**TASK DIRECTIONS**
Return the listing in full and exactly, but without a single picture.

**DATASET CONTENT**
....................

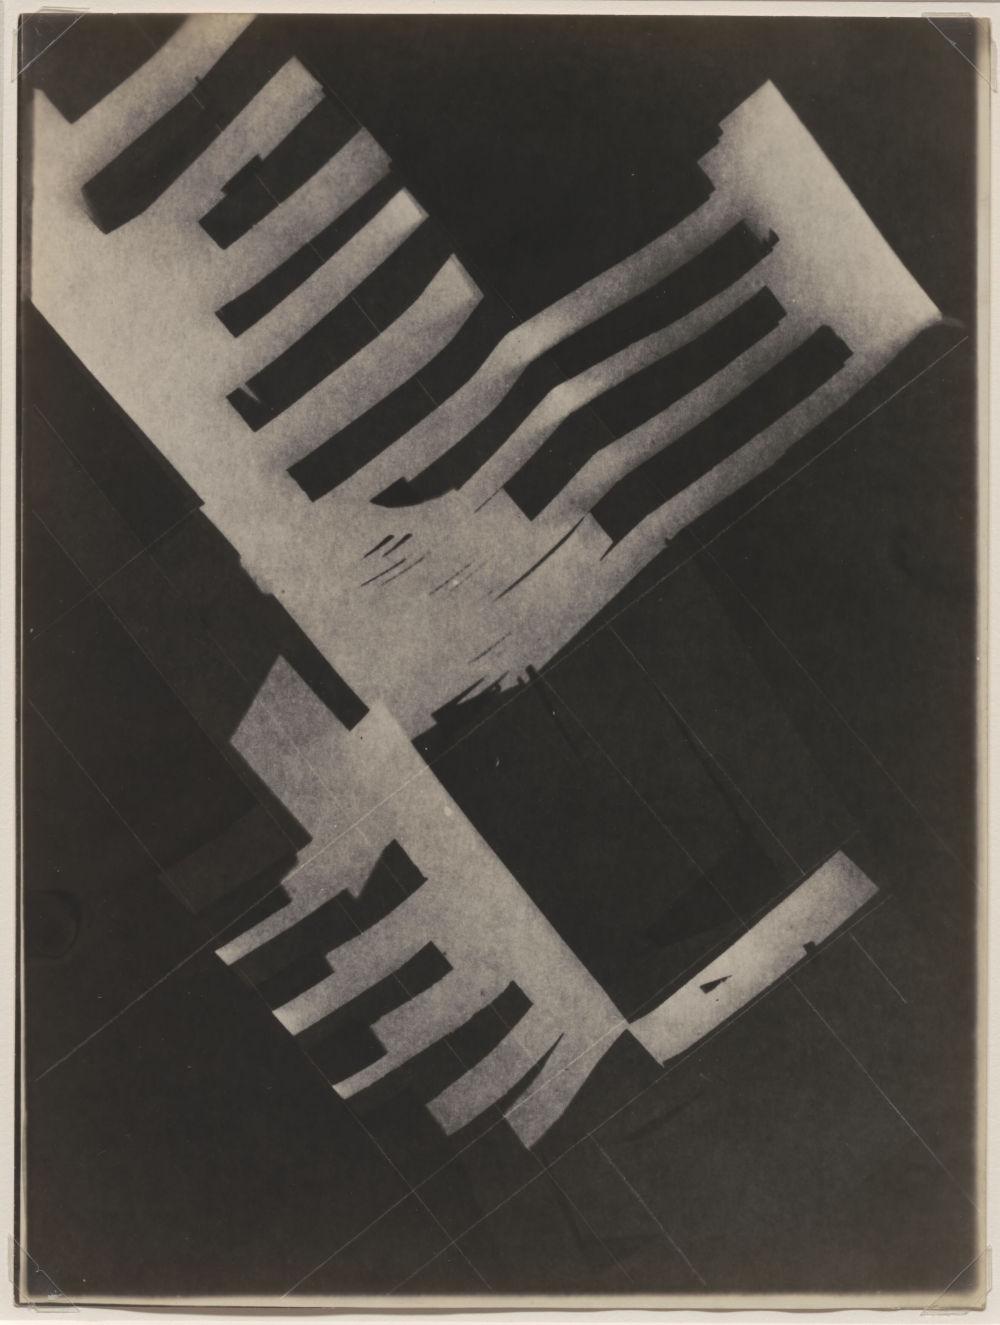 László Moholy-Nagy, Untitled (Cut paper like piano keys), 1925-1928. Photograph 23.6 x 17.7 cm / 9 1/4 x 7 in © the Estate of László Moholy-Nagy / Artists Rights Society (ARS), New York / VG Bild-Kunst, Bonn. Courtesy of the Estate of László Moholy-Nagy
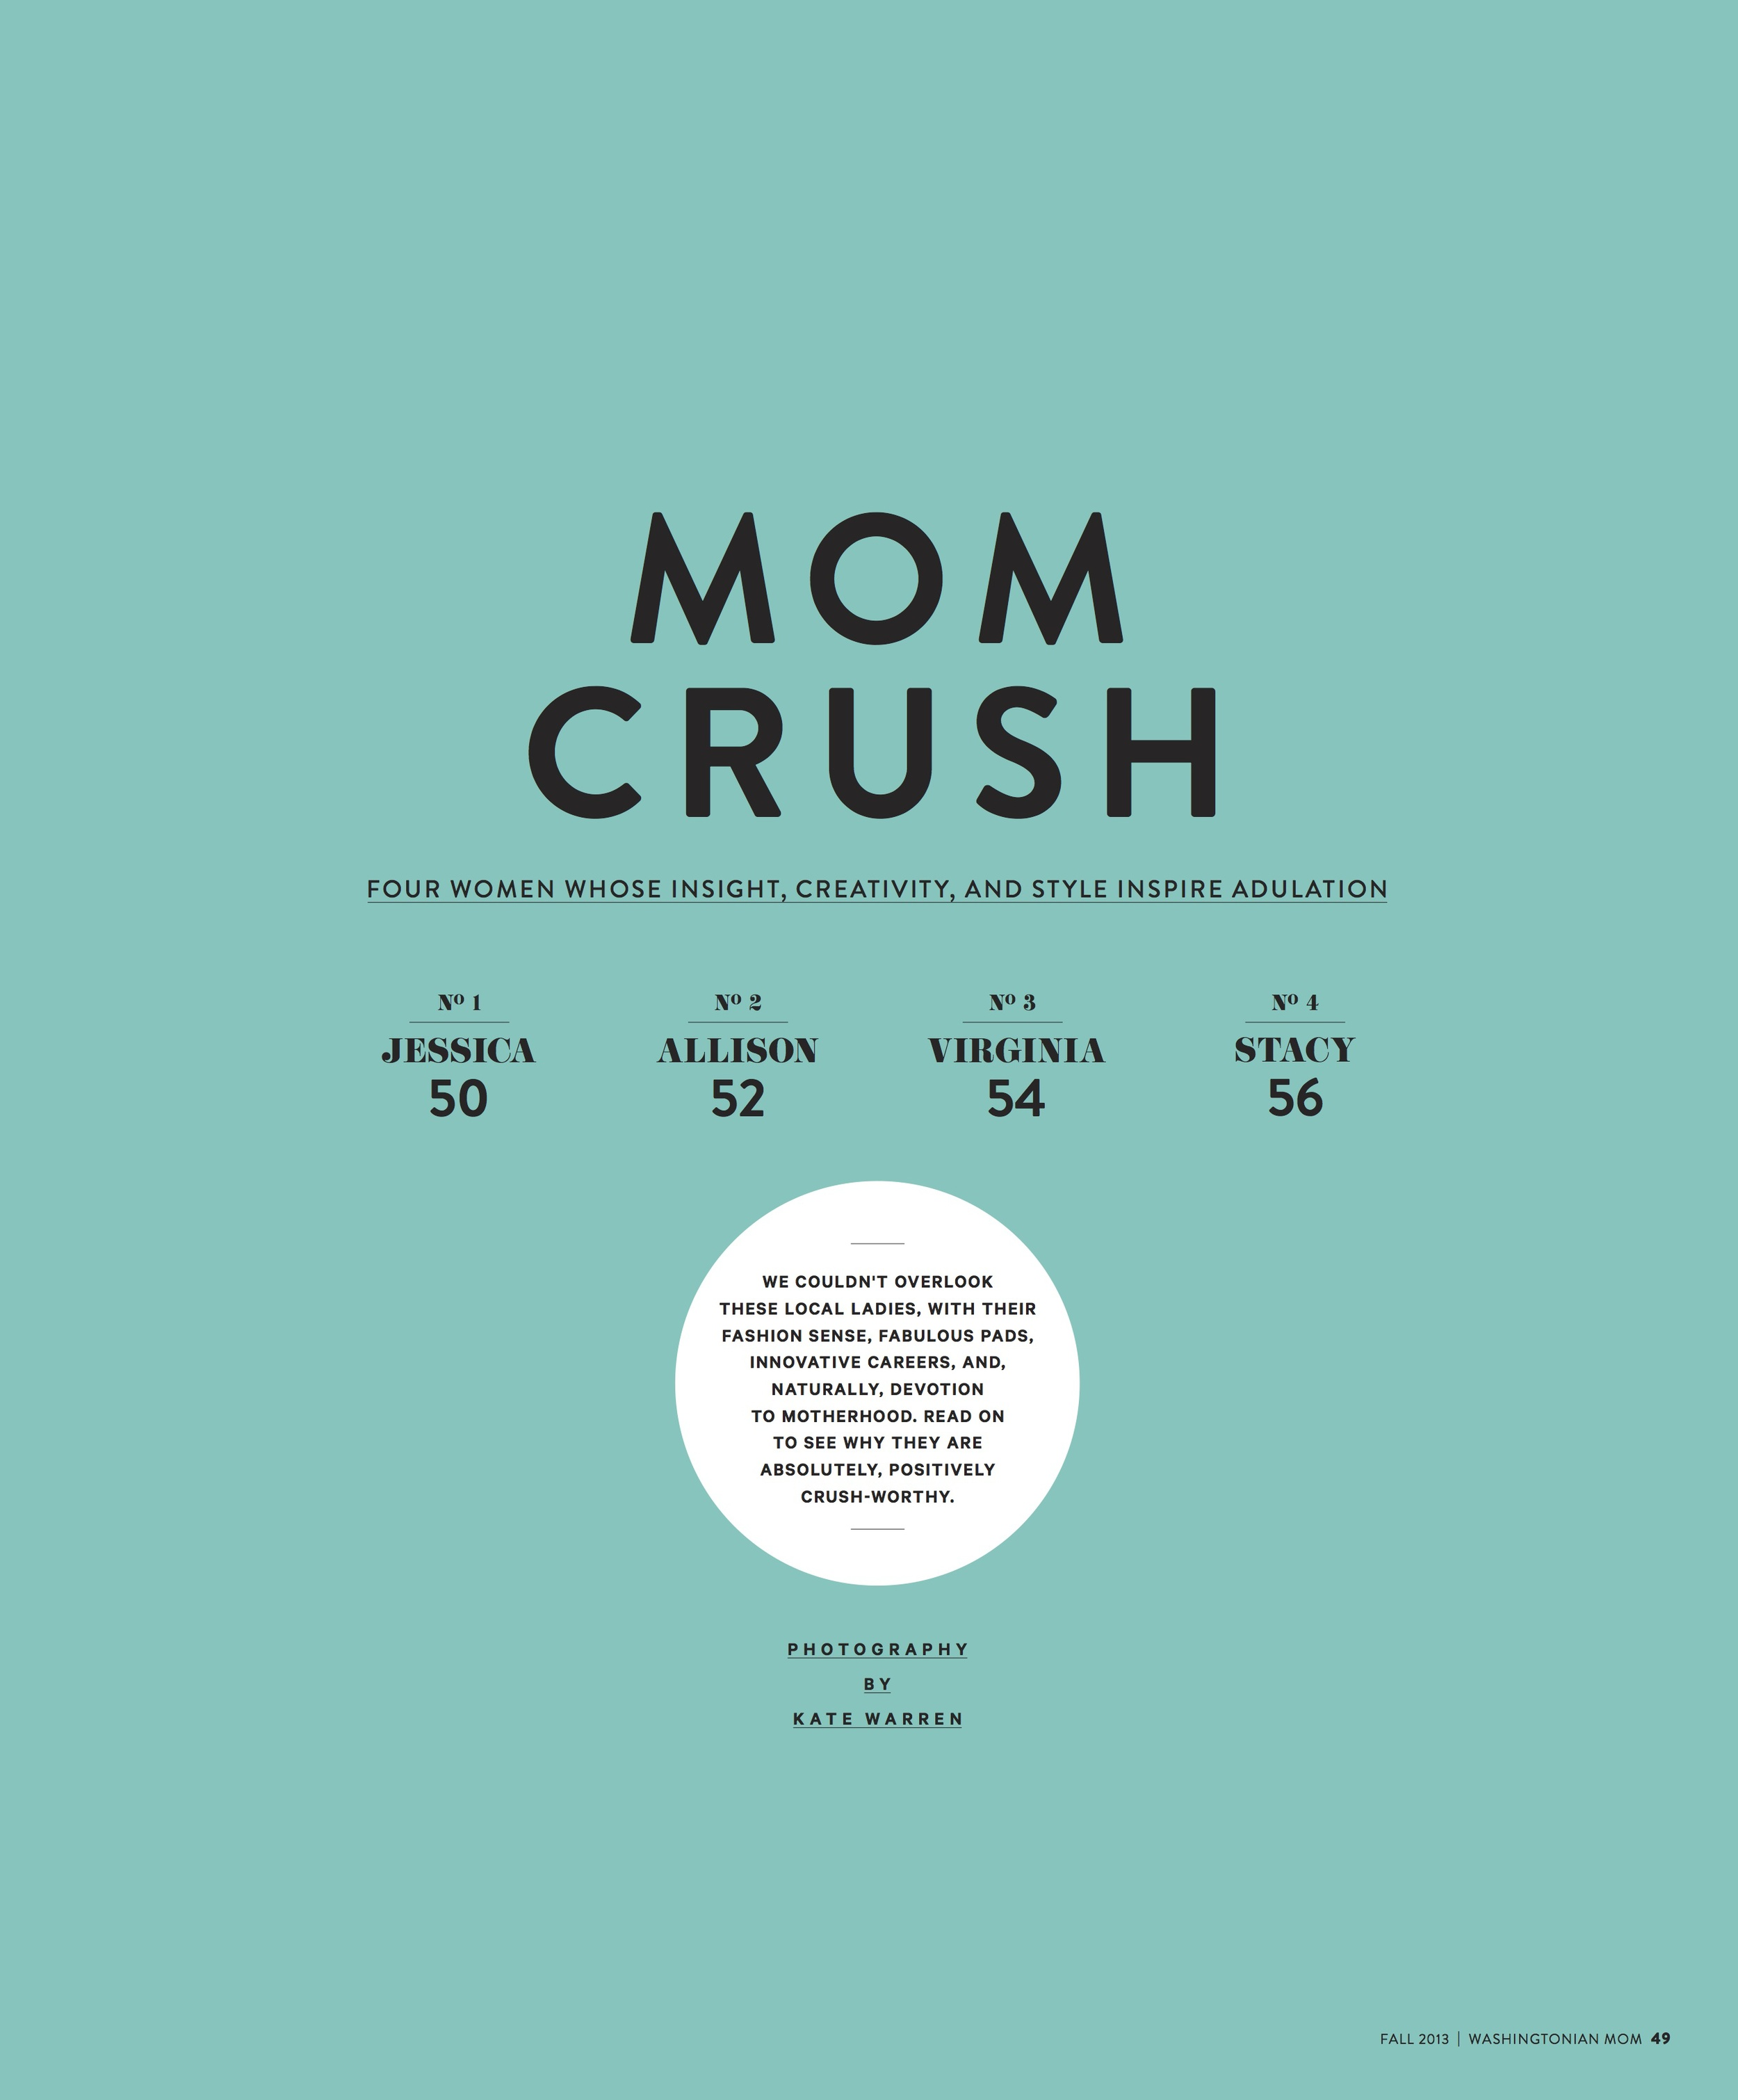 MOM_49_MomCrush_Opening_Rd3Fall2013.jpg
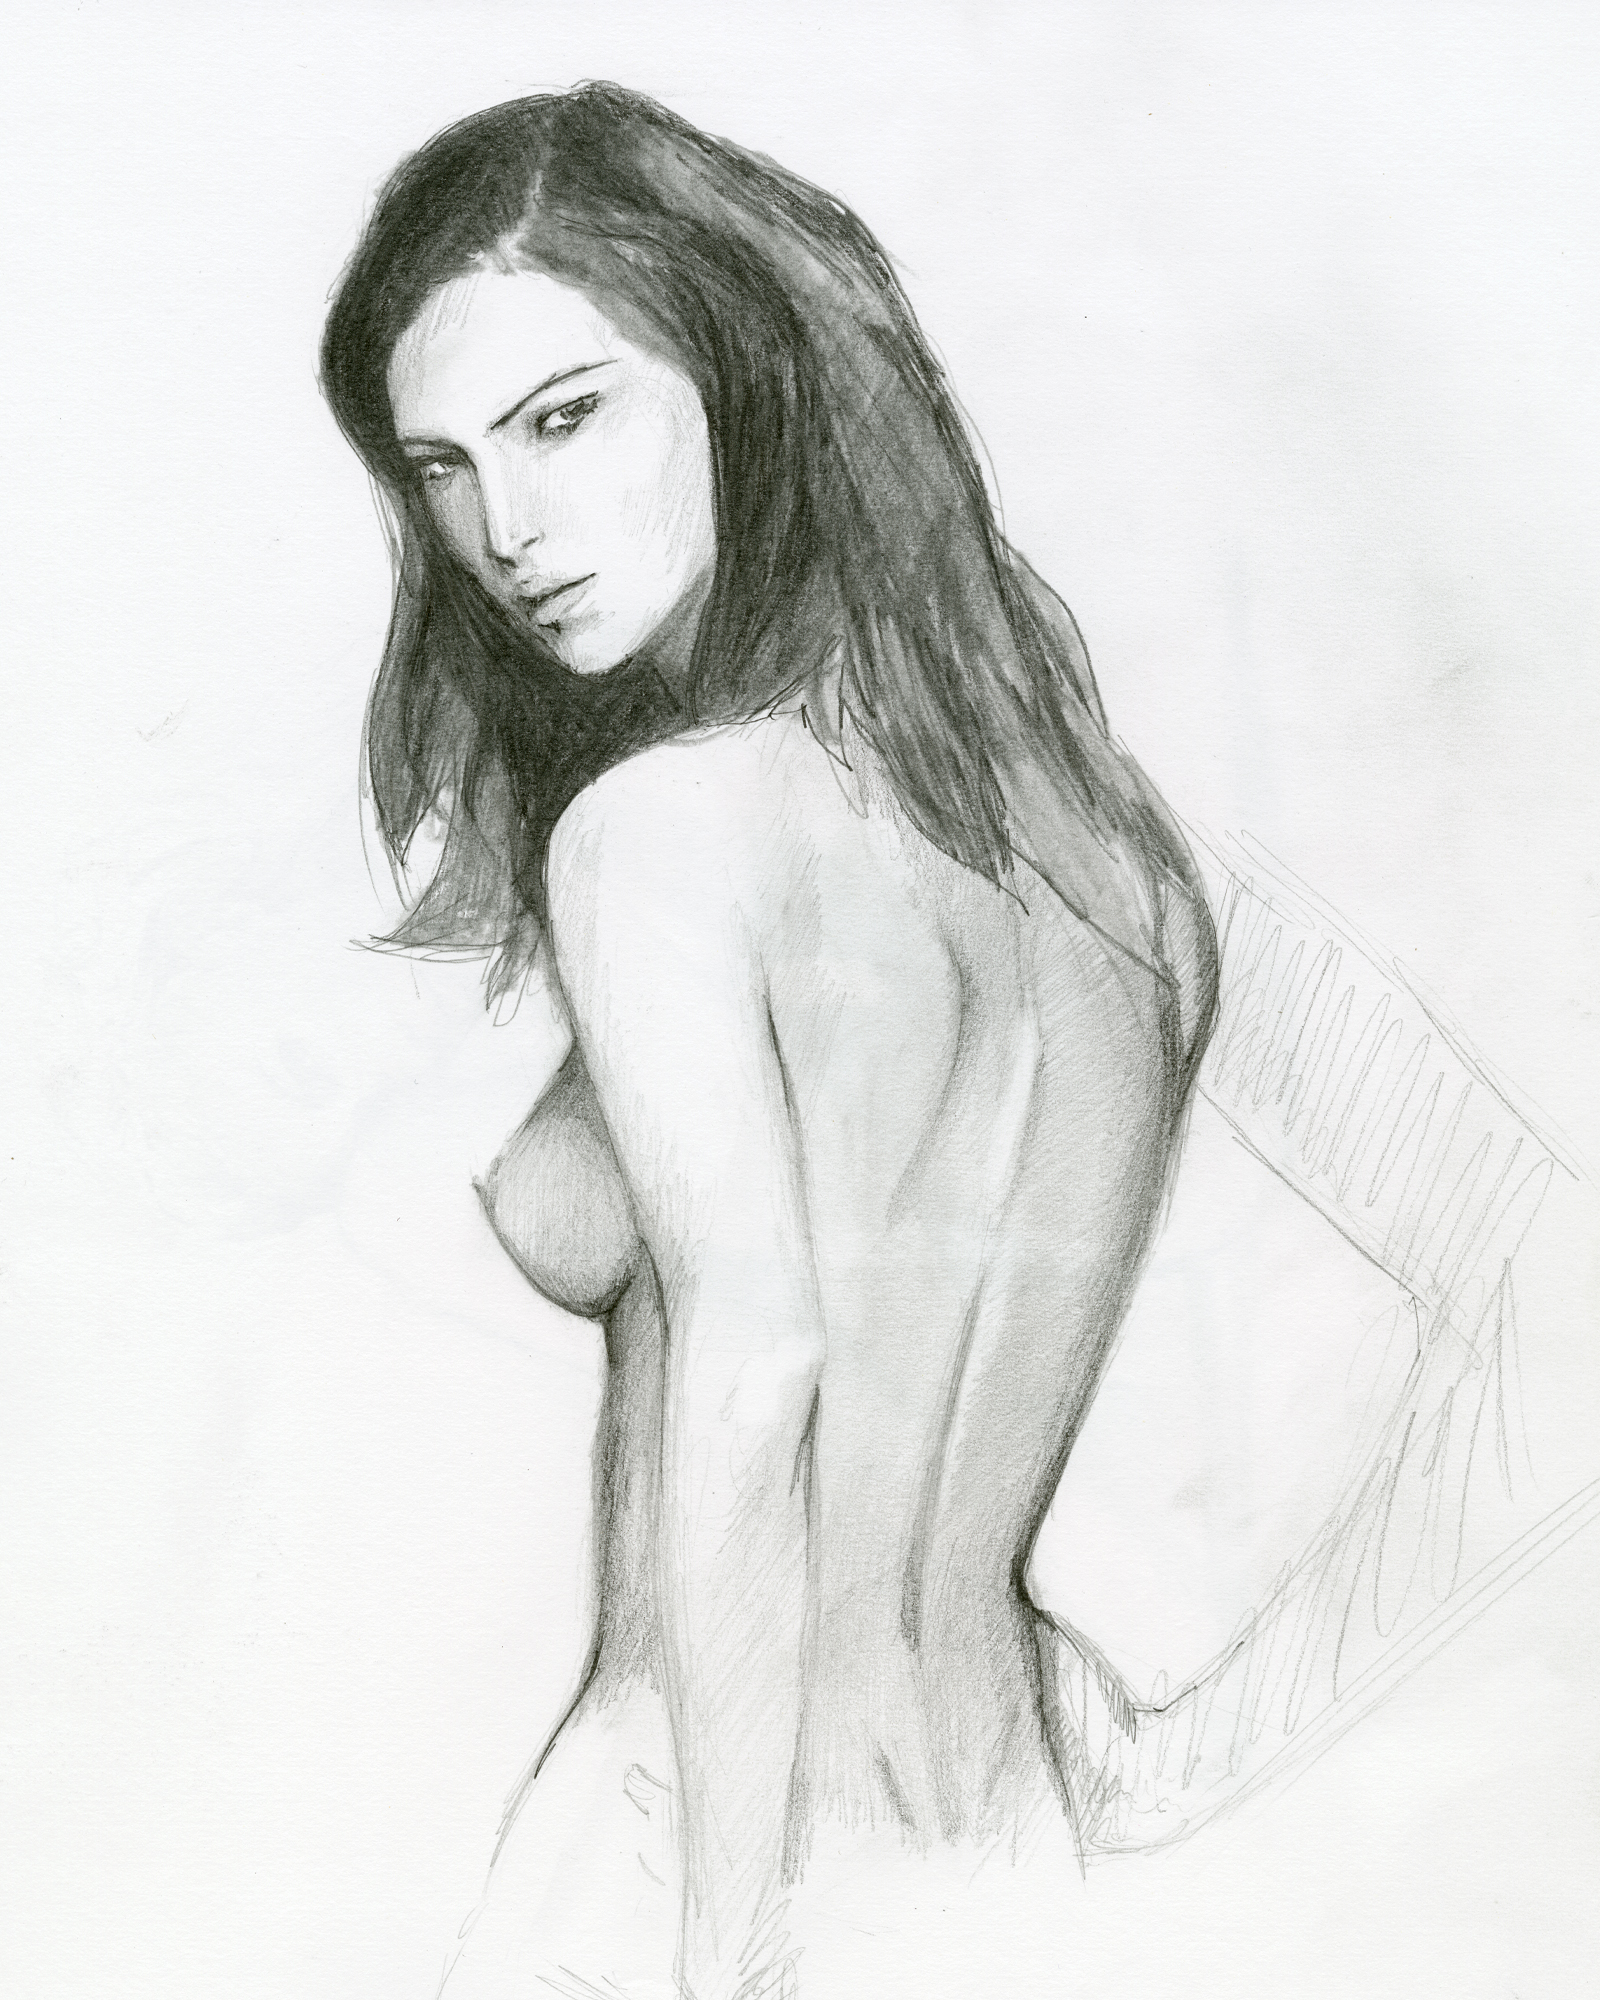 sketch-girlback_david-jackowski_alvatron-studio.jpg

....................

**WRITTEN SOLUTION**
 László Moholy-Nagy, Untitled (Cut paper like piano keys), 1925-1928. Photograph 23.6 x 17.7 cm / 9 1/4 x 7 in © the Estate of László Moholy-Nagy / Artists Rights Society (ARS), New York / VG Bild-Kunst, Bonn. Courtesy of the Estate of László Moholy-Nagy
 MOM_49_MomCrush_Opening_Rd3Fall2013.jpg
 sketch-girlback_david-jackowski_alvatron-studio.jpg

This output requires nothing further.